→ **Source material**:
::::

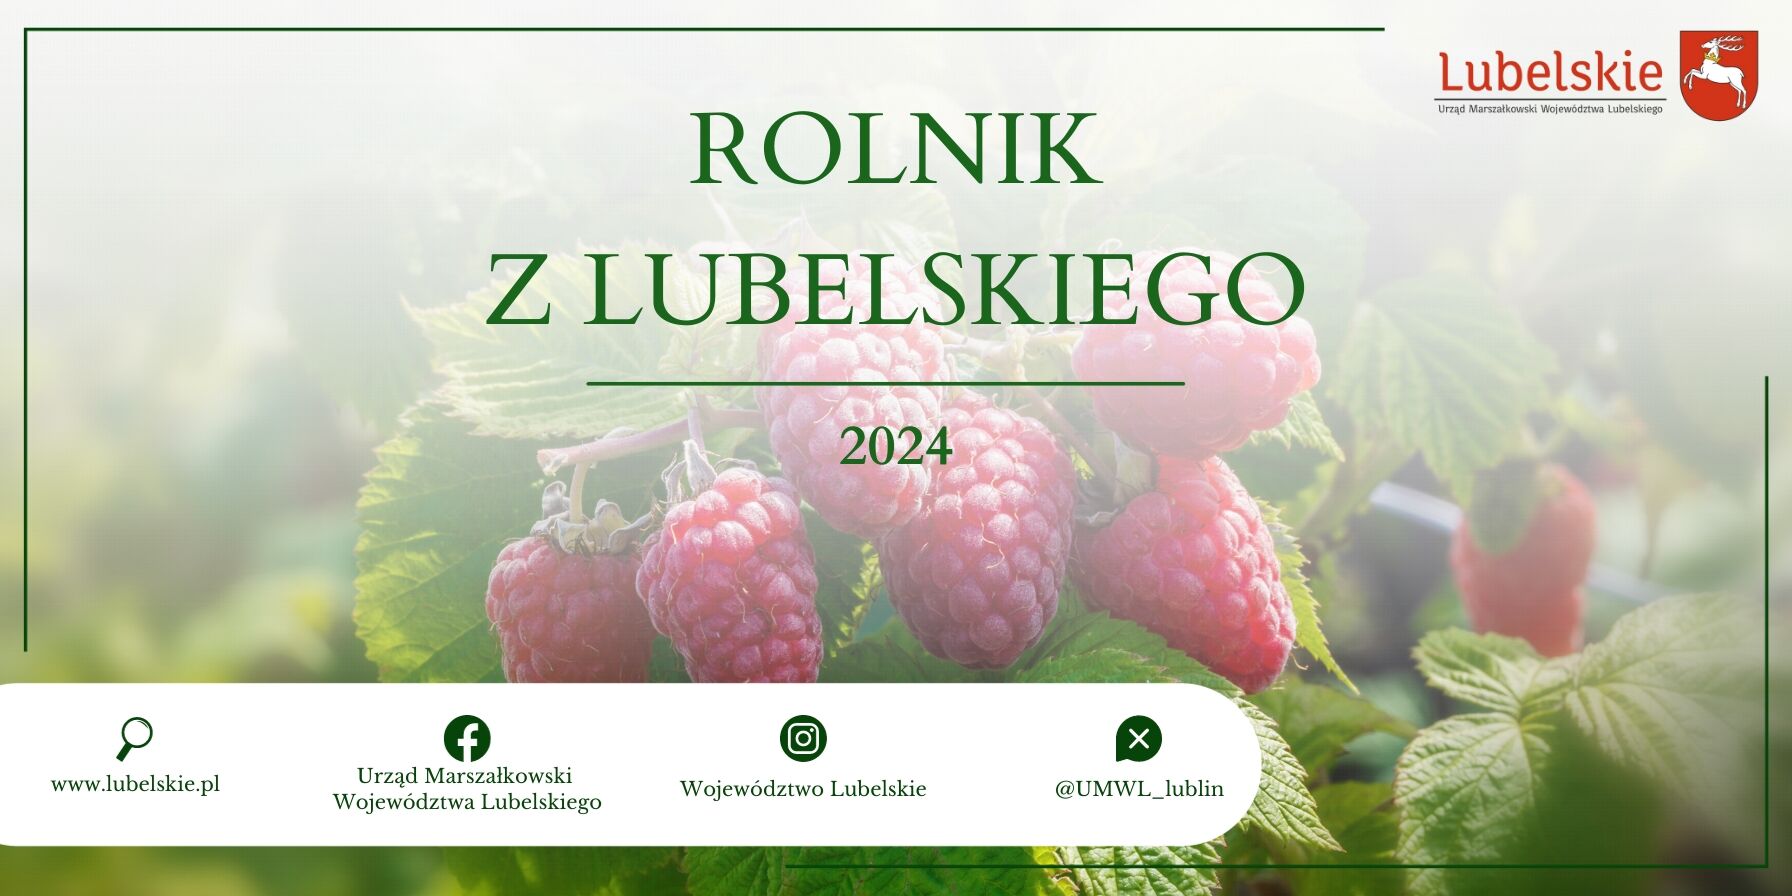 Baner promujący "Rolnik z Lubelskiego 2024" z wizerunkiem malin na pierwszym planie i rozmazanym tłem zieleni, wraz z logotypami i informacjami kontaktowymi.
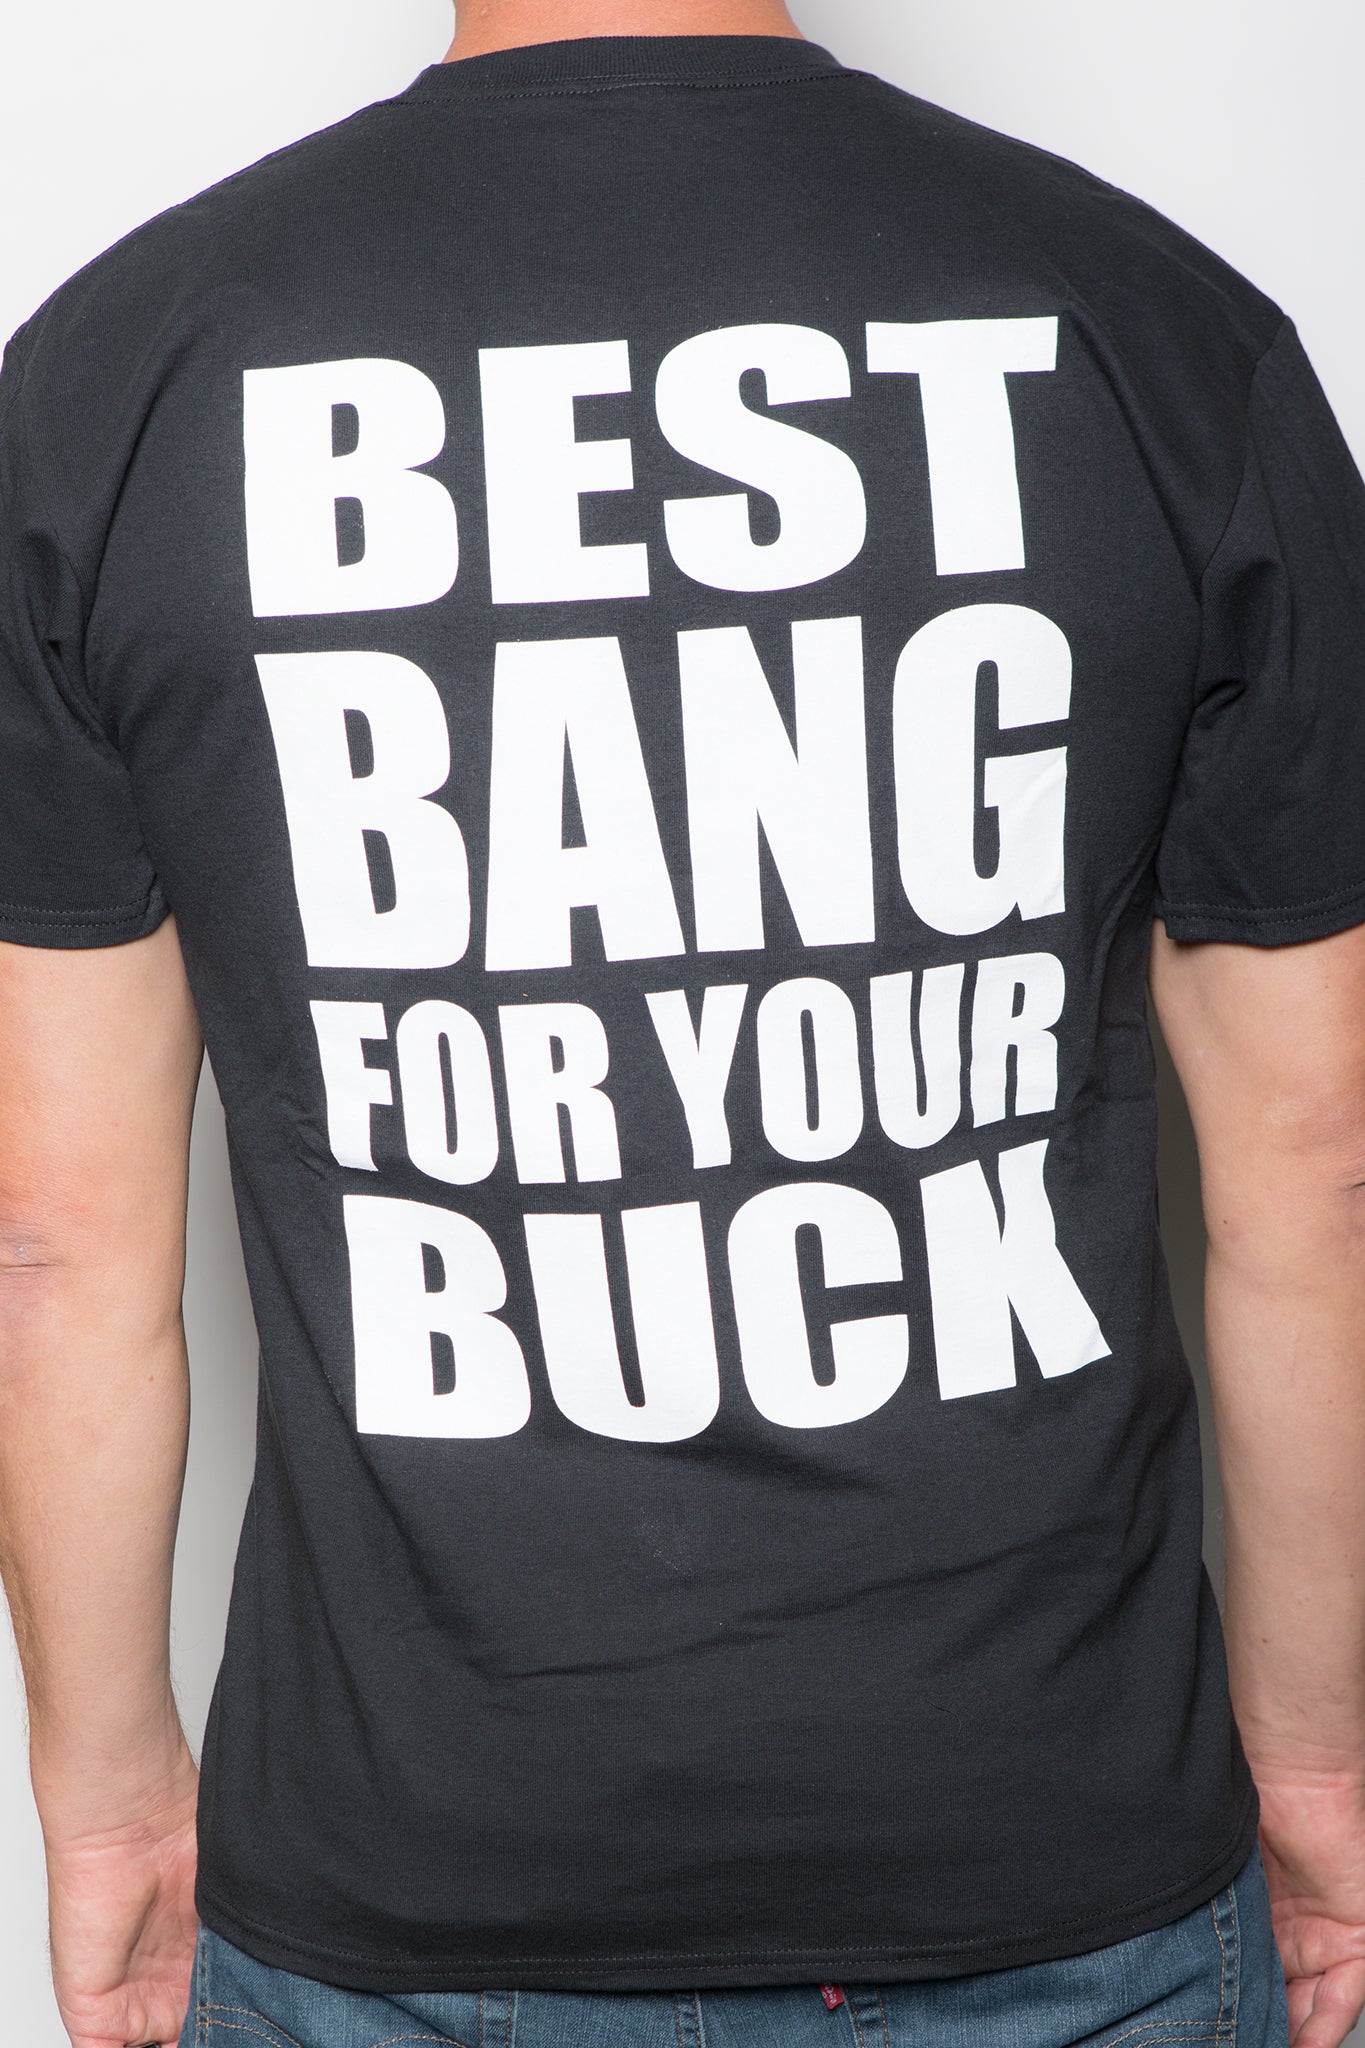 Men's "BEST BANG FOR YOUR BUCK" Tee
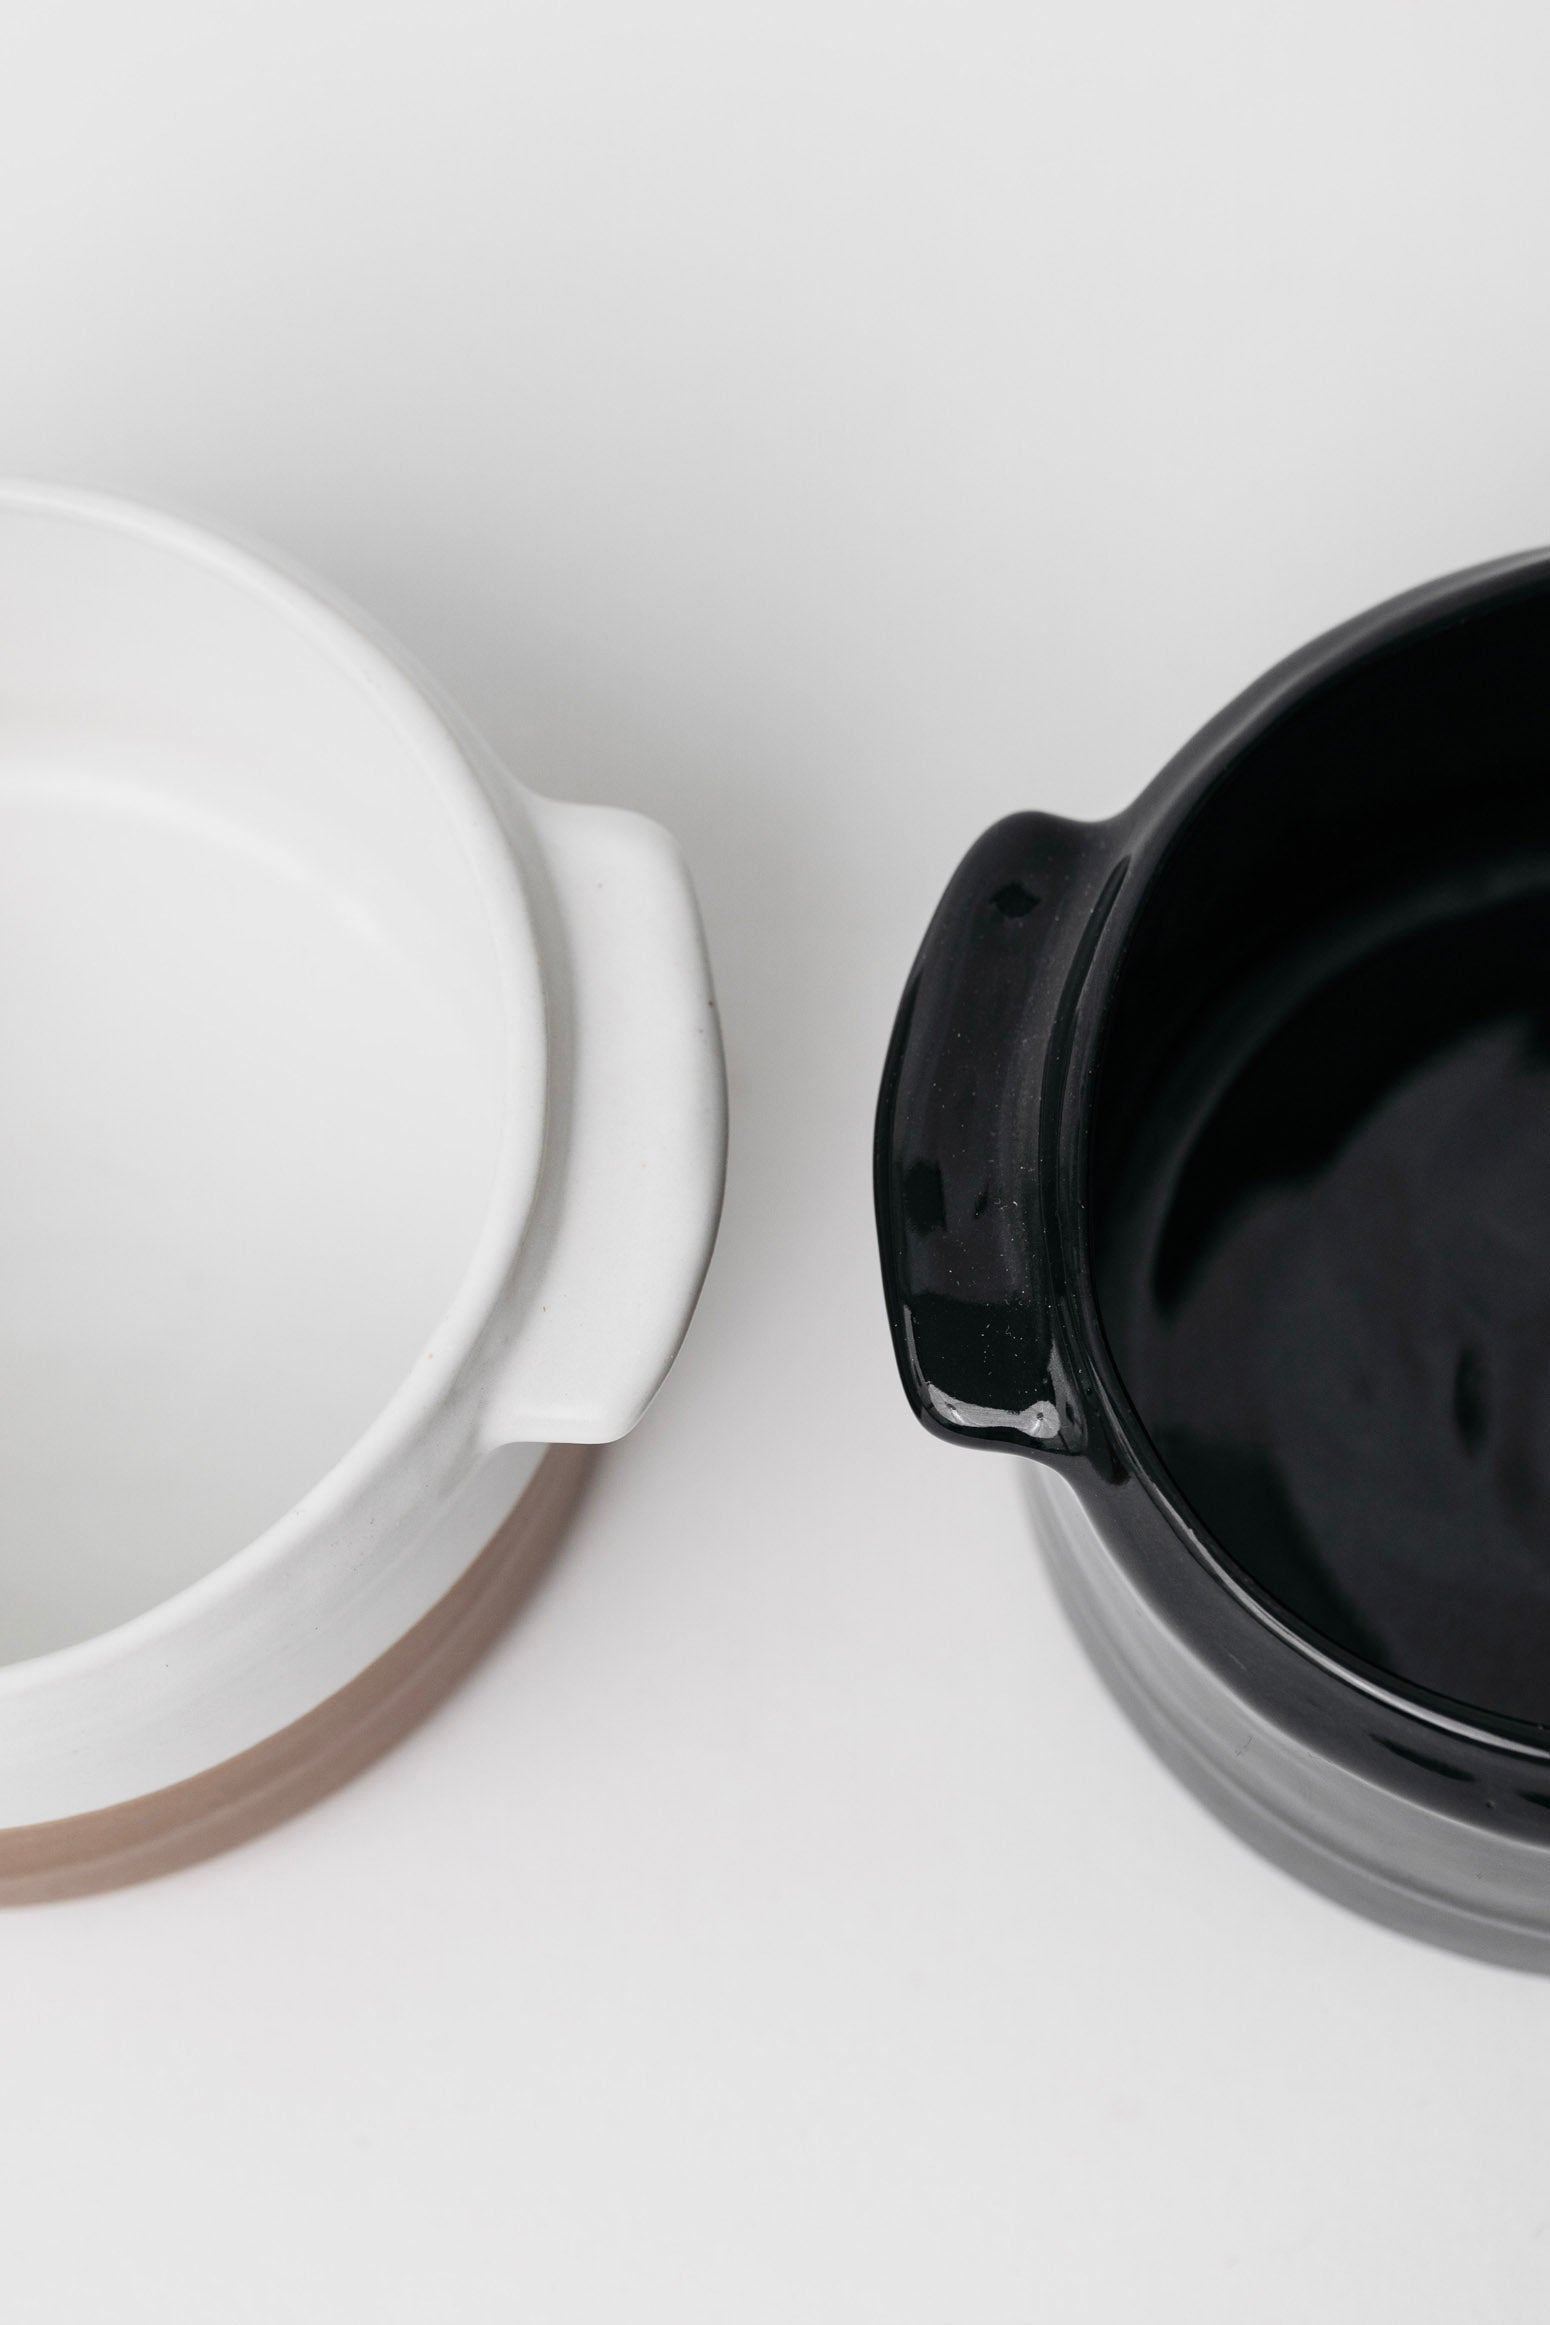 Sable Soup Bowl - Matte Black/Glossy Black - Set of 4

::::

→ **Exercise**:
Restate all of the data word for word and include no pictures.

→ **Answer for the task**:
 Baner promujący "Rolnik z Lubelskiego 2024" z wizerunkiem malin na pierwszym planie i rozmazanym tłem zieleni, wraz z logotypami i informacjami kontaktowymi.
 Men's "BEST BANG FOR YOUR BUCK" Tee
 Sable Soup Bowl - Matte Black/Glossy Black - Set of 4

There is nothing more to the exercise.